Kensa’s AR climate change campaign hailed by industry as digital innovation
An augmented reality (AR) climate change campaign delivered by Kensa Group recently won the Heat and Efficiency: Digital Innovation Award at the 2022 Association for Decentralised Energy (ADE) Awards.
The ADE is the leading trade organisation whose members deliver a range of solutions encompassing District Heating & Cooling and Energy Efficiency and work together to advocate the UK’s priorities for achieving net zero.
Through the award-winning ‘Welcome to Green Street’ campaign, Kensa used ground-breaking AR technology and immersive storytelling to bring to life a greener future in which whole communities make the switch from gas boilers to ground source heat pumps.
Using the real-life inner-city suburb of Green Street in Glasgow as a basis for the AR experience, virtual tour guide ‘Doug’ sets out how the current gas grid could be replaced with renewable infrastructure in an interactive fly-through, demystifying ground source technology and showcasing its benefits.
Stephanie Gregory, Marketing Director at Kensa Group, says: “We are very proud that the ‘Welcome to Green Street campaign’ has been recognised as a leading digital innovation in this field.
“We wanted to create a shift in how people think about heat pumps and how they heat their homes. For the UK to achieve our carbon reduction commitments, all of us, across society, policy, industry and the economy must be connected to this united goal.”
Launched to a global audience at the pivotal COP26 climate change summit in 2021, ‘Welcome to Green Street’ delivers a vitally important message about how the UK can tackle climate change and leaves the valuable legacy of a blueprint detailing how communities can switch to renewable heating technology.

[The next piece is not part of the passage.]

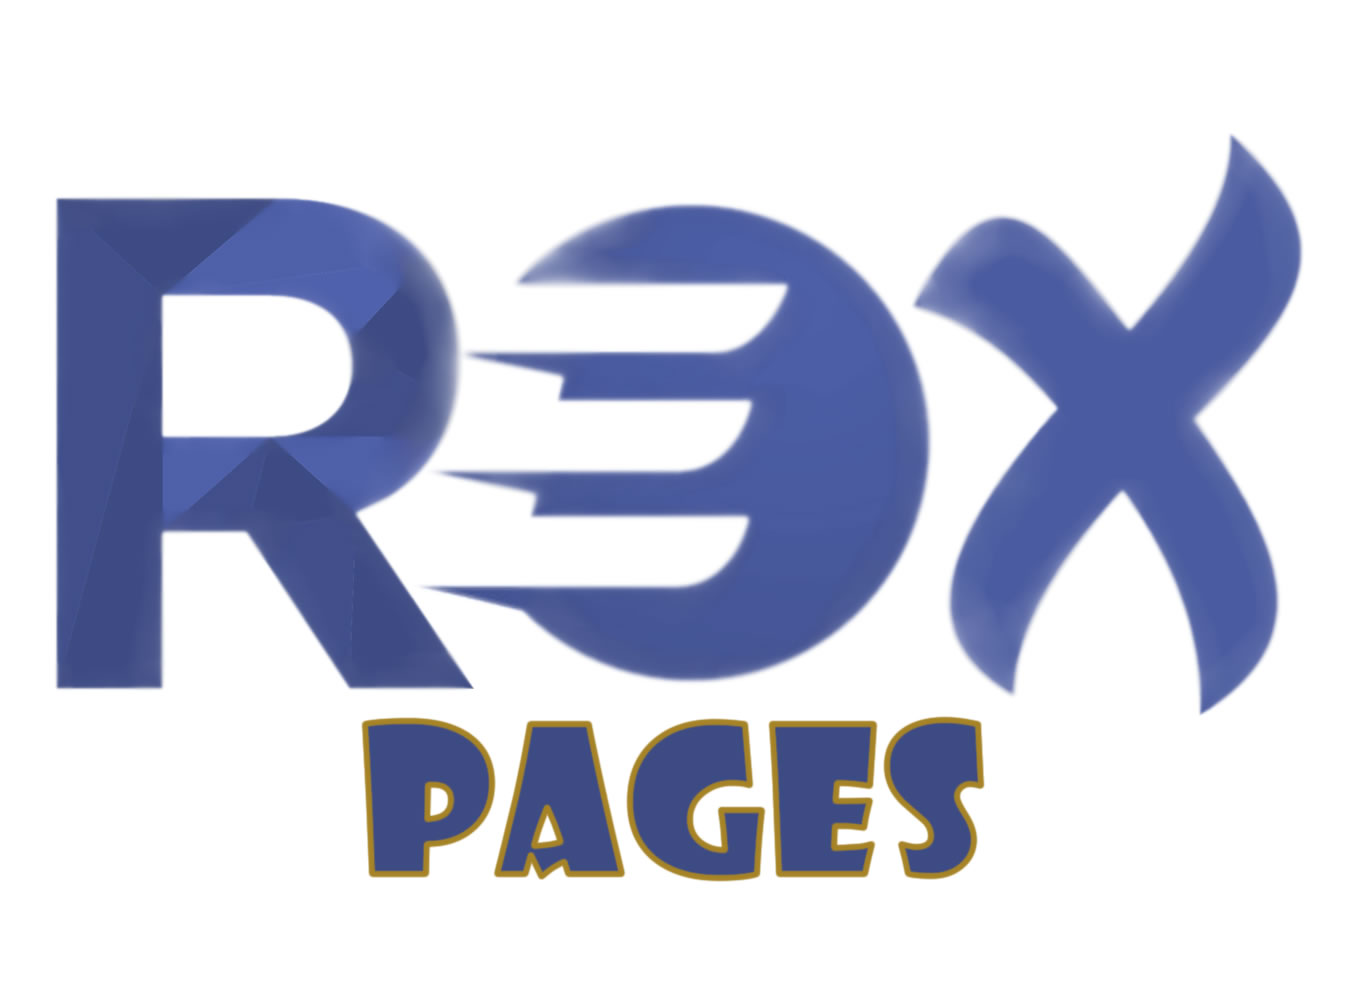 (c) Rexpages.com

The government is aiming for 600,000 heat pumps to be installed every year by 2028. The award-winning digital campaign demonstrates Kensa’s pioneering solution to this challenge. To facilitate the widespread roll-out of the technology, Kensa is urging key stakeholders to focus efforts on street-by-street installations of networked heat pumps, rather than replacing gas boilers on a house-by-house basis.
The use of engaging and accessible mobile-based augmented reality technology aims to break down the perceived barriers to the widescale electrification of heat and showcase to policymakers and the public that networked heat pumps can achieve decarbonisation goals at scale for the lowest cost.
Stephanie continues: “It is one thing to make low-carbon heating technologies available, but it is entirely a different matter to achieve their installation in homes and their adoption for use on a mass scale. Our work at Kensa is not just theorising – we are developing models based on real-life urban communities – and providing a blueprint that can be rolled out across the country.”